Yeah, that may be... but we never taped for size. Aiders on a roll bitches.... Suk it!!
rottingjohnny

Sport climber
Shetville , North of Los Angeles
May 5, 2016 - 05:30am PT
Funny how ' Hoh Man " , a bit of a secret password , spread and to this day invokes laughter ...
Tarbuster

climber
right here, right now
May 5, 2016 - 06:35am PT
Sure ... weekends.

Followed by Monday morning $1.99 breakfast at Don Ricardo's with Russ, Larry Loads, Mo, Driver.

Plus Stony on Tuesday, fingertip pull-up contests on the Boxer's door trim on Wednesday, Rubidoux on Thursday ...

And don't get me started about those early 80s multiple-Denny's-stop-pie-coffee-psychotropic-infused all nighter Friday drives out to Josh with The Fish after his machine shop let him off the leash ...
Craig Fry

Trad climber
So Cal.
May 5, 2016 - 09:18am PT
It was all those pebbles down in San Diego that kept the real crags free of vermin.
guyman

Social climber
Moorpark, CA.
May 5, 2016 - 09:56am PT
I was beginning to be part of something – something real and vital and absolutely necessary to the survival of the soul.

Roy.... very true. I was asked one time by one of the young dudes at SP "so this Stonemaster thing did you need to join like a club?" or something along those lines....

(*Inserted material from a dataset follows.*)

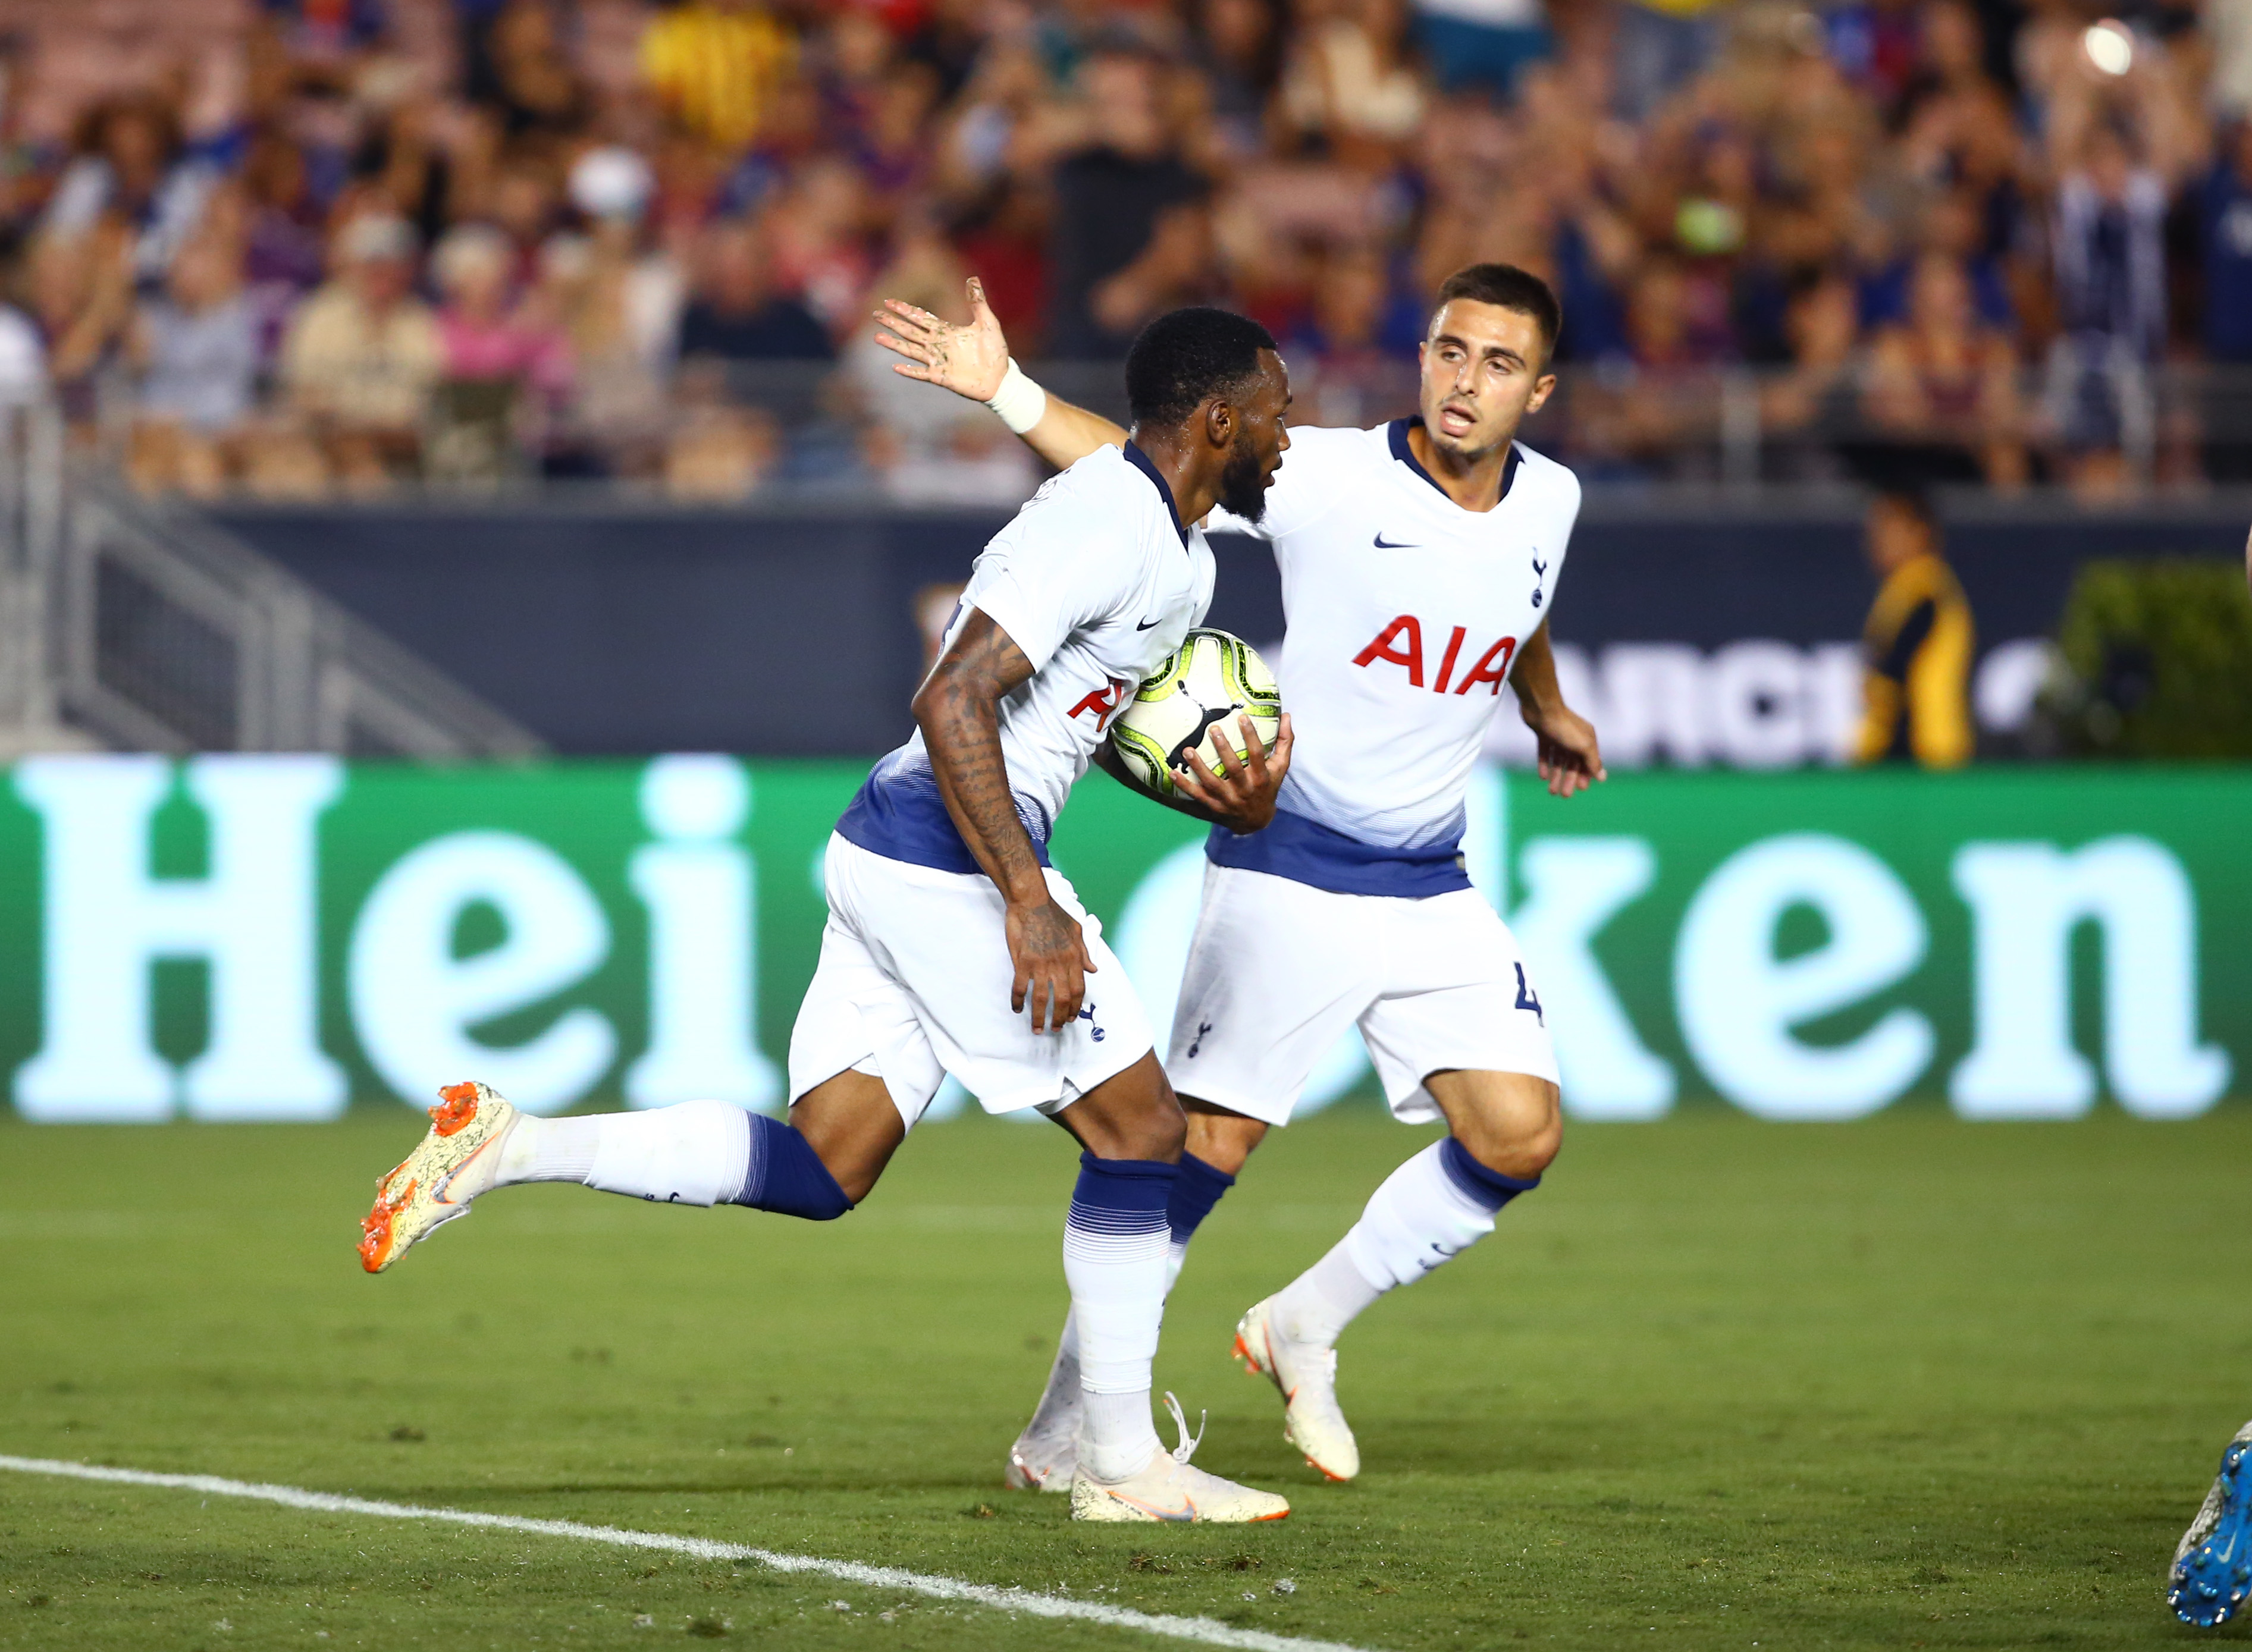 The decline of Tottenham Hotspur

My reply.... we didn't start out thinking we were special in anyway, we were just very young and we were having a blast with this rockclimbing thing. If you were luckey enuf to have lived in those times and you had something to offer, you became part of the group, and the group swallowed you up.


I reall love that shot of DE on swept away... really shows the whole "I made it to this good hold, now WTF do I do with it? "


Keep it up Roy, your making my day.


StahlBro

Trad climber
San Diego, CA
May 5, 2016 - 10:45am PT
Tagging along to watch Bachar lead the Beav.

L.A. Woman

Social climber
Pasadena, CA
May 5, 2016 - 12:15pm PT
Great story Roy. Keep it up, you're making my week. It was great fun being part of the group...it's amazing how new memories keep popping up. I heard that Ho Man! a few times climbing up Suicide as JL was below me looking up ; )
Craig Fry

Trad climber
So Cal.
May 5, 2016 - 04:01pm PT
For one thing for sure
We need LA Women on every page

But it could be Marge, she has blond curly hair
Name that Crag?
Craig Fry

Trad climber
So Cal.
May 5, 2016 - 04:06pm PT
Of course our Sheep Buggerer crew were all Geniuses in one realm or another
some in numerous exploits all at one time
That's what brought us together

Have you seen the sewing stitches on the latest Fish Gear. Very impressive!!

Booges, mathematician
swellyman, packaged goody management
DE, Advanced County Bird Watching authority
Moonie, scientist, tele skier, still fuzzy (according to unnamed sources)
Tar, writer, runner's wife
Mims, artist
The Fist, artist
Manx, vacuum salesman
Driver, Billionaire
Loads, Real Estate Mogul
Schumtzfink, hedge fund manager at Goldman Sachs
Mo, retired

I could go on..
but will have to do alittle more research

Craig Fry

Trad climber
So Cal.
May 5, 2016 - 04:48pm PT
E, genius in developing a lifestyle so he can climb almost all he wants at the highest level for 40 years and into the future
Craig Fry

Trad climber
So Cal.
May 5, 2016 - 04:52pm PT
This photo seems to pop every time you Google Sheep Buggerer
Part of the Russ collection

hopefully Russ can tell us more
She is wearing EBs, but they look like 3 sizes too big!